> **INFORMATION SUPPLIED**
== Segment start ==

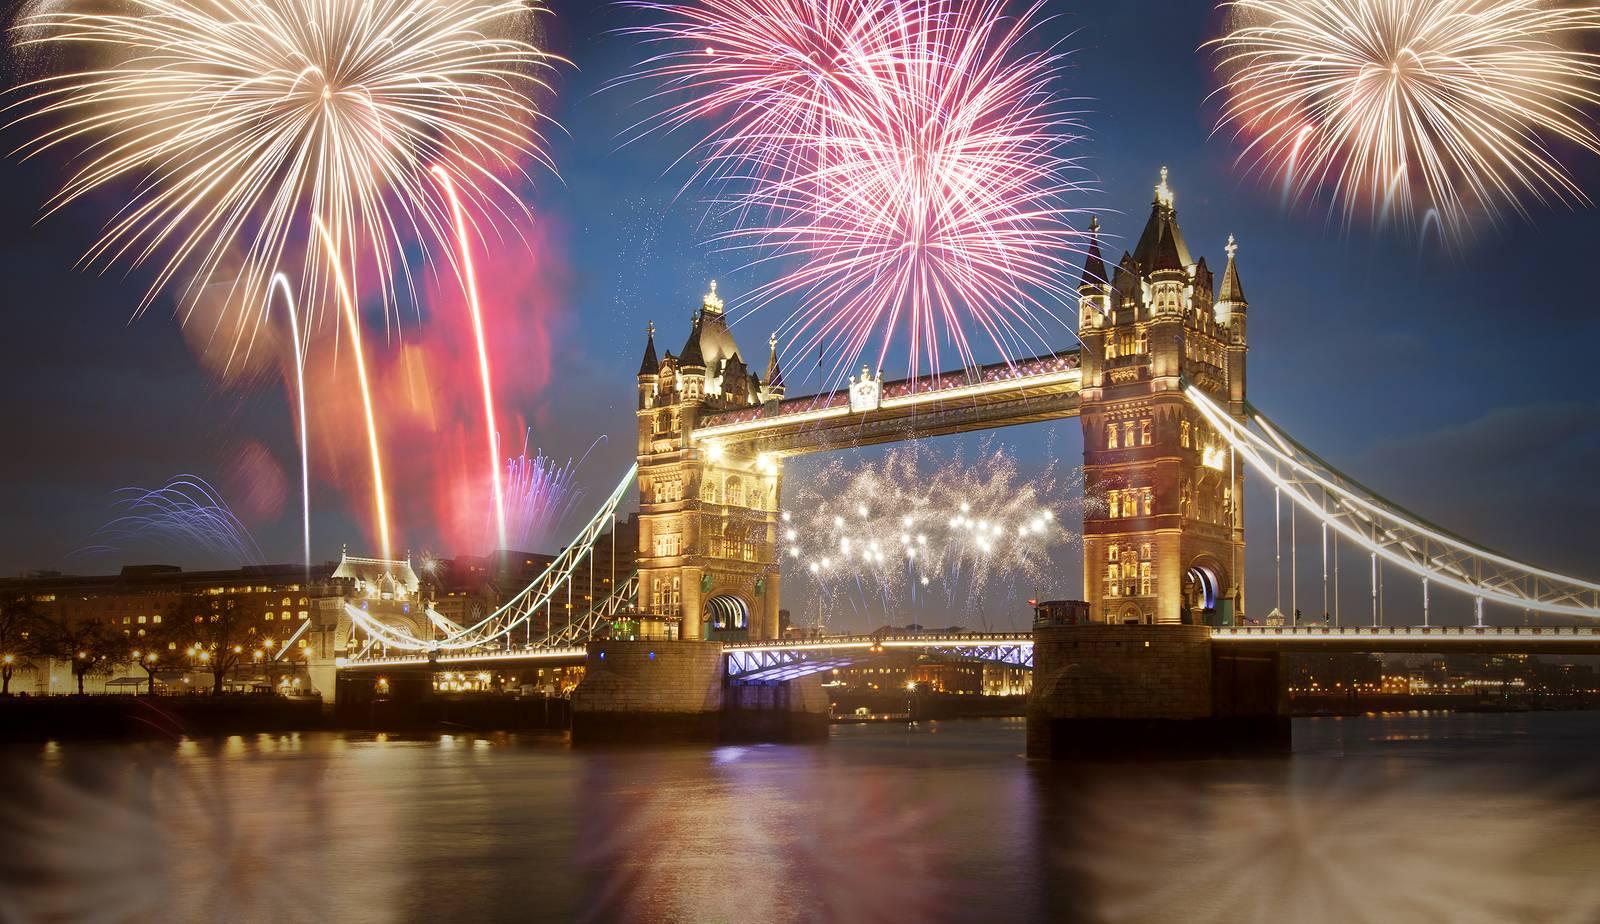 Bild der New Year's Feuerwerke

== Segment end ==
== Segment start ==

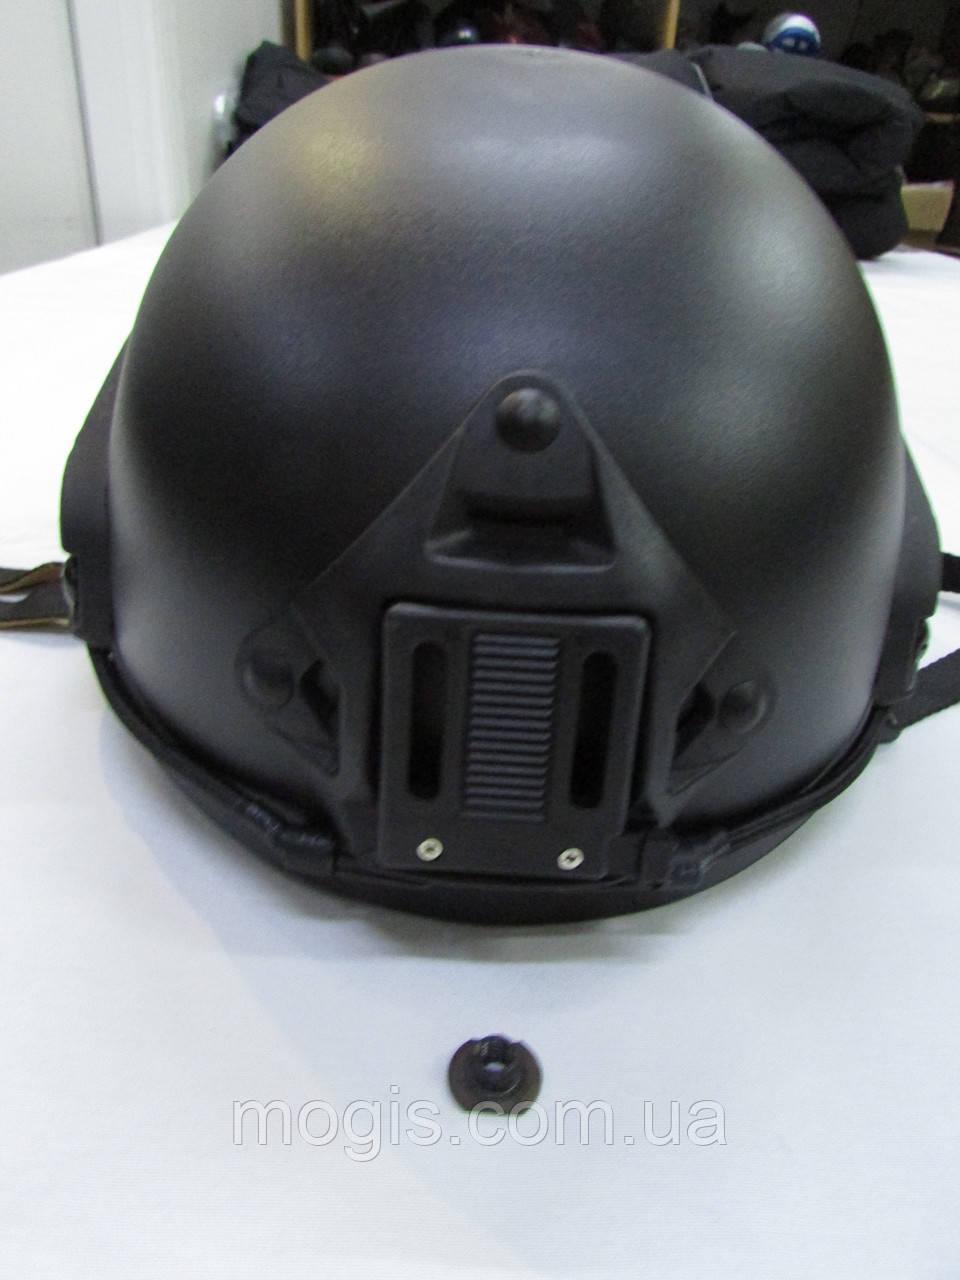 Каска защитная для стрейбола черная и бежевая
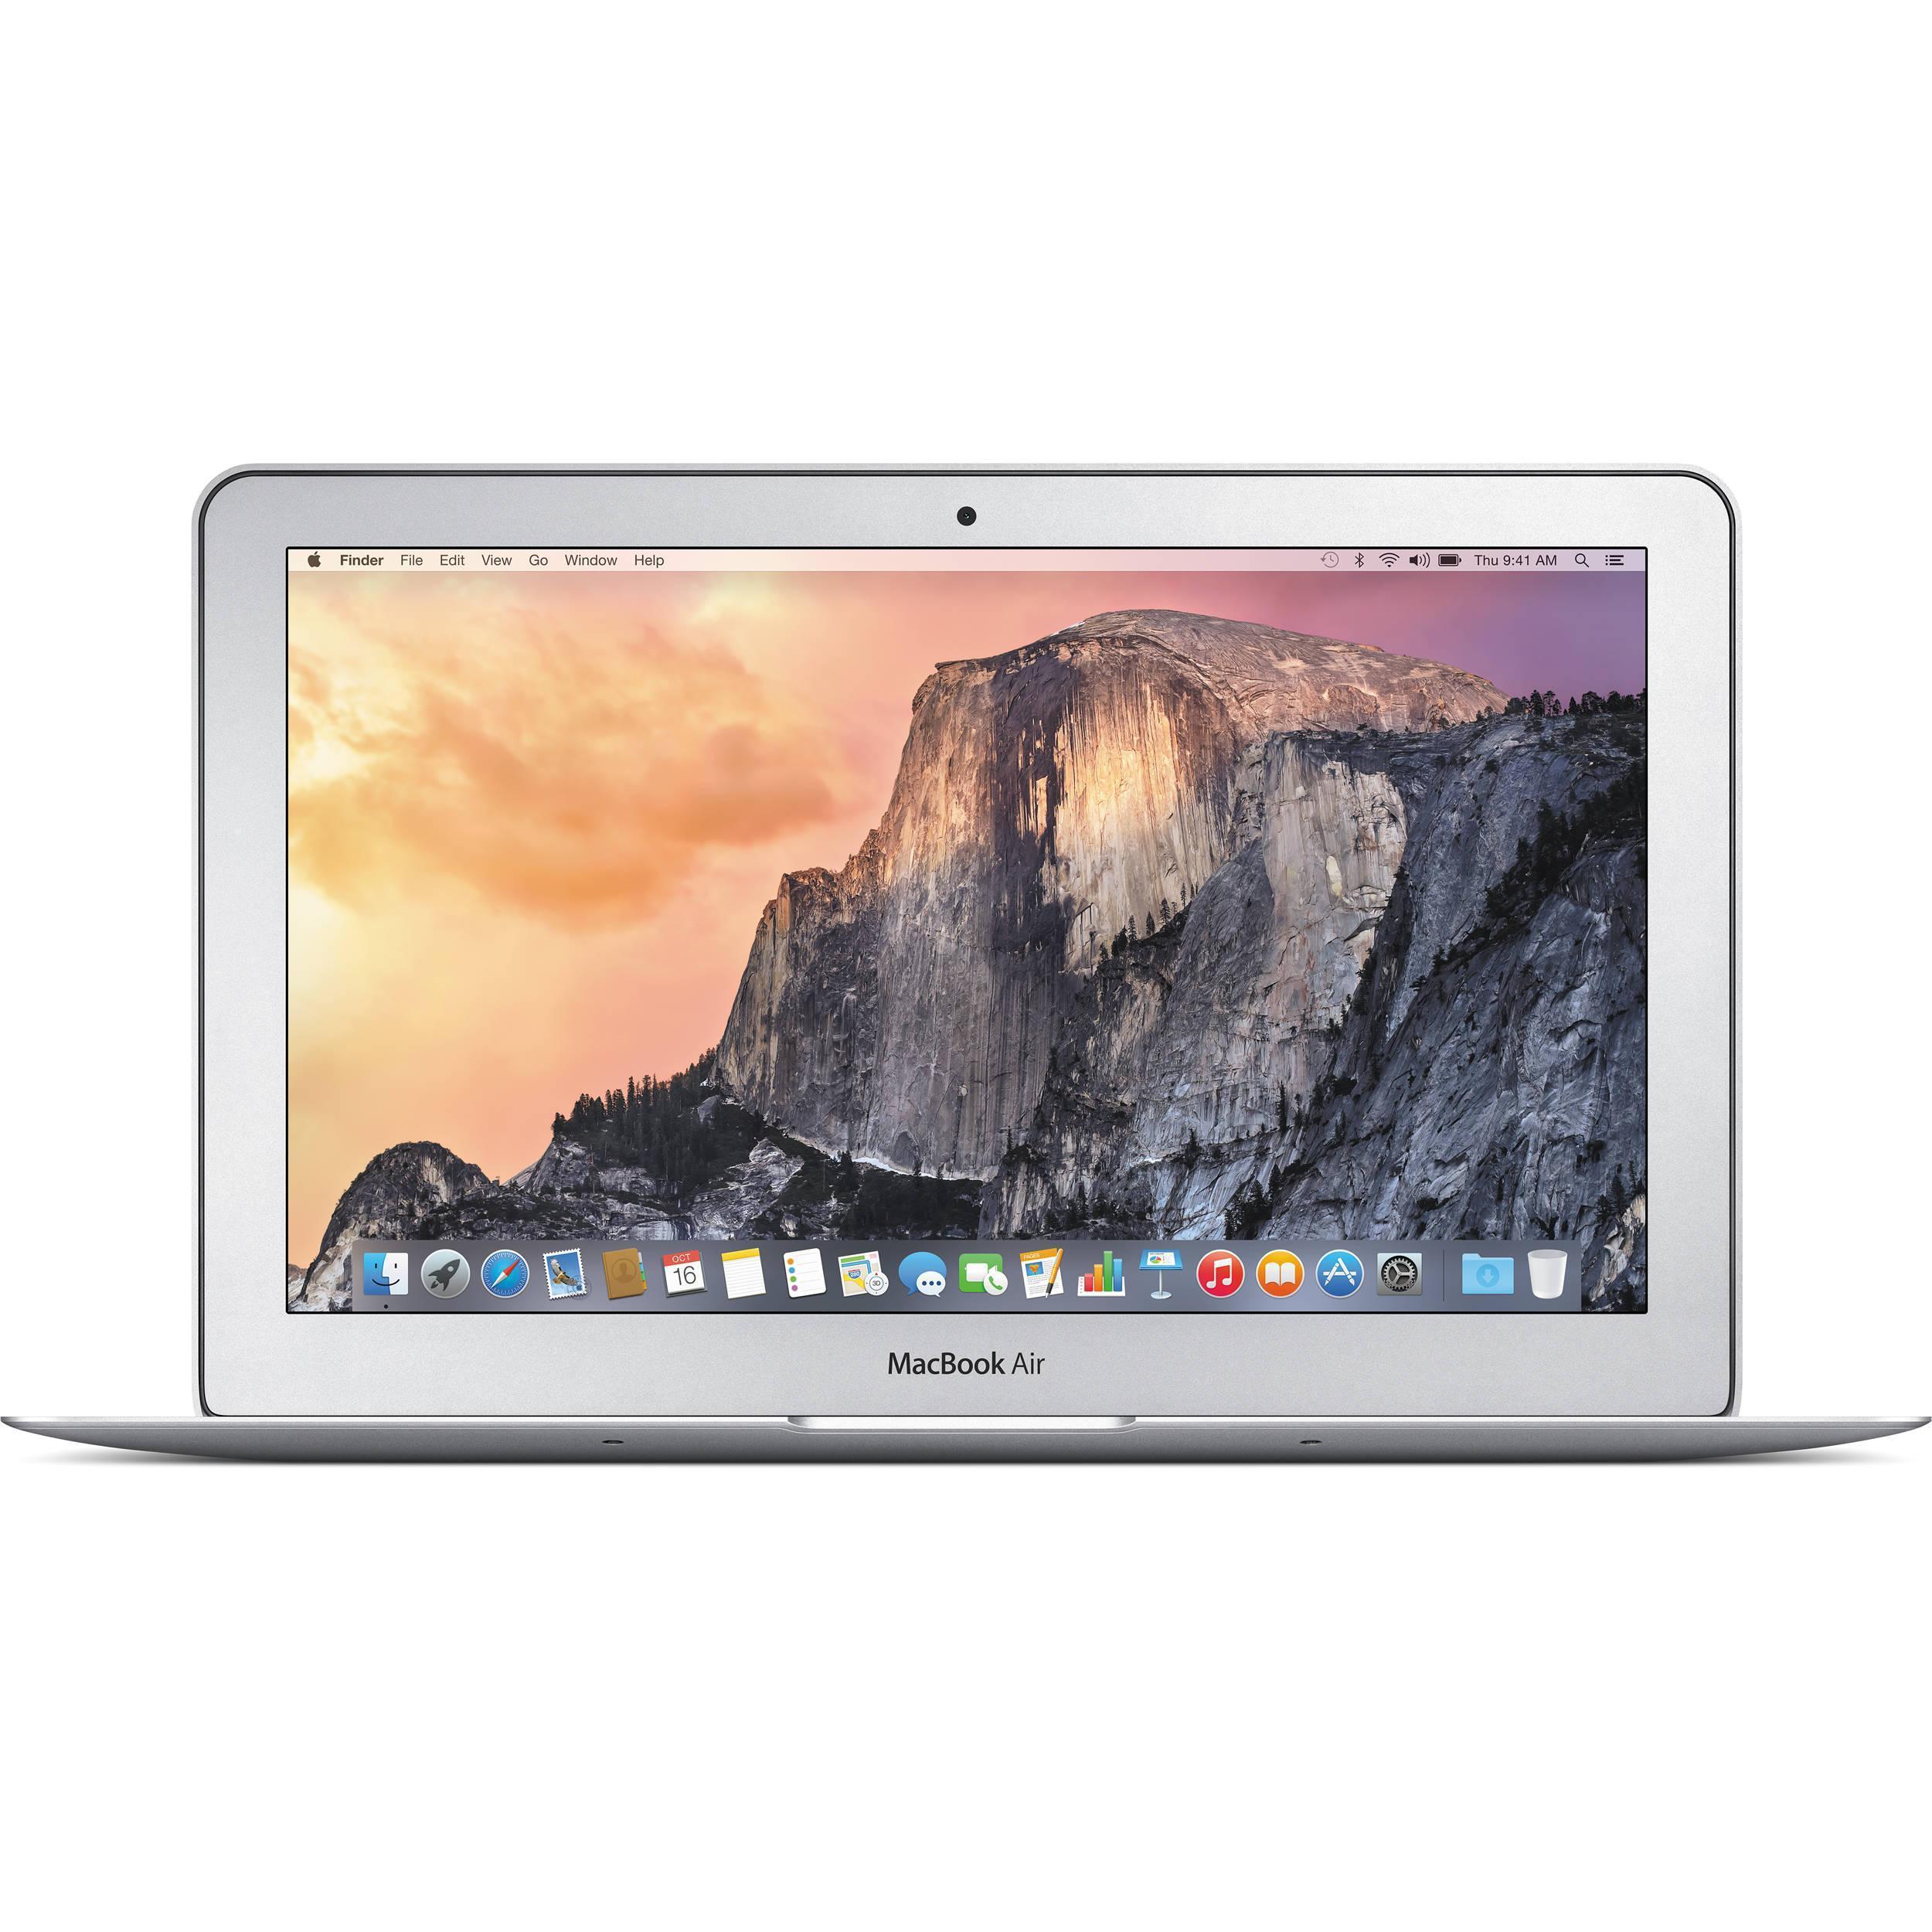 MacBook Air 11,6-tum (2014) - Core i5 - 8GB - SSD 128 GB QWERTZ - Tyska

== Segment end ==
== Segment start ==

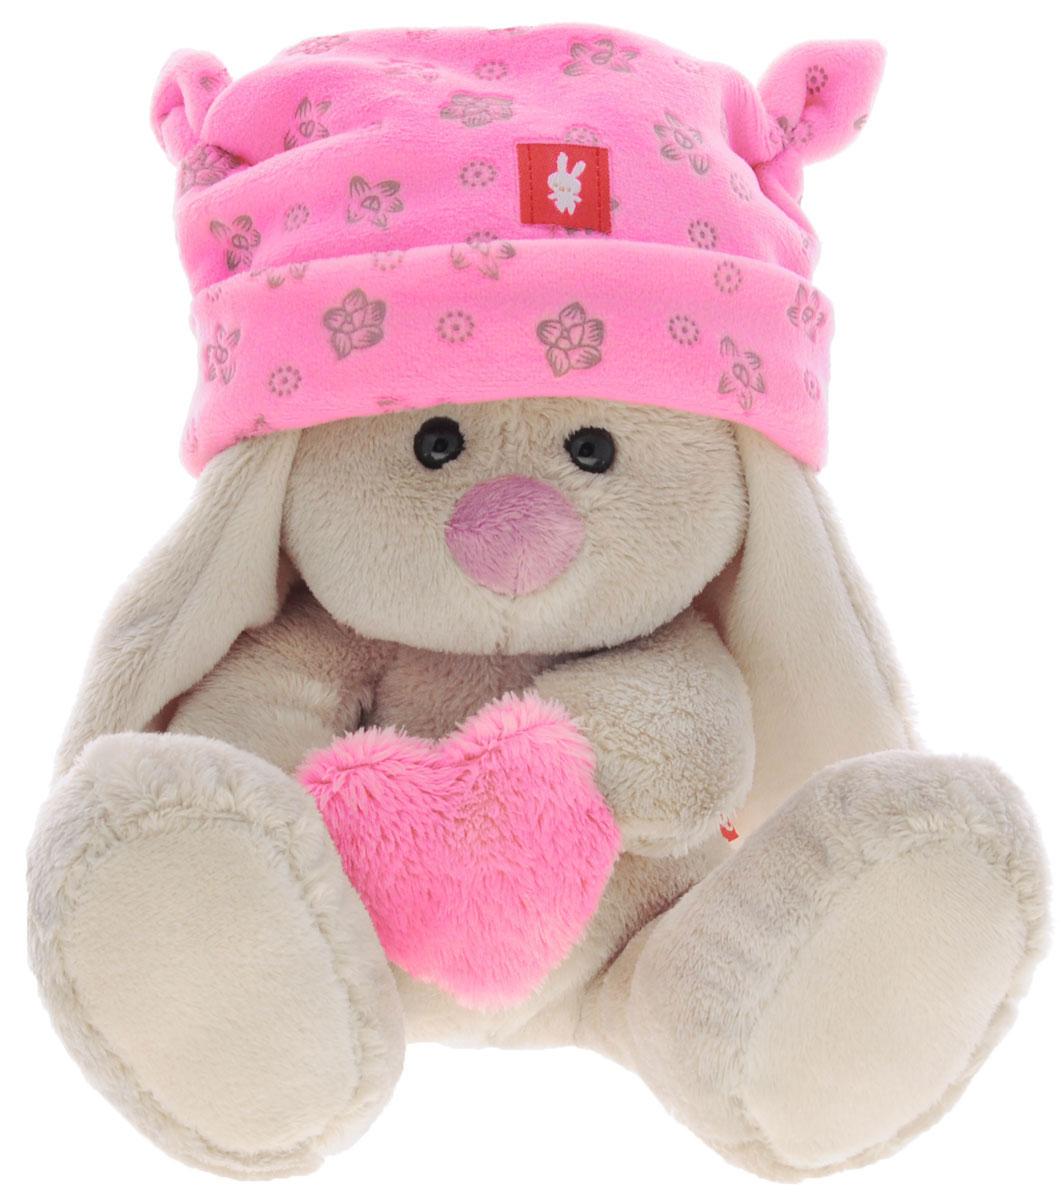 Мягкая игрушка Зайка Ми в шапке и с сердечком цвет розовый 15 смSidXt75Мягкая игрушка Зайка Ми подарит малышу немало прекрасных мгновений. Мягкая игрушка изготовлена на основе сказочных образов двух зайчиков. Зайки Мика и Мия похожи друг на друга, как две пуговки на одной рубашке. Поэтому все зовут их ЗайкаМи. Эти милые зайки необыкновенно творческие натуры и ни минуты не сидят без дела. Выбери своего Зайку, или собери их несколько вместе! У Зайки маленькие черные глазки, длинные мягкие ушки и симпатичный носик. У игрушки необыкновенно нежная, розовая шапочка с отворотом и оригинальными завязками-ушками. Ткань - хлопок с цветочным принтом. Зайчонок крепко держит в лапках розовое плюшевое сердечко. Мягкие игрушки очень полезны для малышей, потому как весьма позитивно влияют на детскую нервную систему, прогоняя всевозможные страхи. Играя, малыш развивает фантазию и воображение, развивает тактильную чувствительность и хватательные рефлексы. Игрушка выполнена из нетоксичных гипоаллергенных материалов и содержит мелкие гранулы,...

== Segment end ==

> **INSTRUCTIONS FOR THE TASK**
Given the listing above, repeat exactly the lines starting at the one with "Каска защитная для" and ending at the one with "MacBook Air 11,6-tum", inclusive, excluding pictures.

> **SOLUTION**
 Каска защитная для стрейбола черная и бежевая
 MacBook Air 11,6-tum (2014) - Core i5 - 8GB - SSD 128 GB QWERTZ - Tyska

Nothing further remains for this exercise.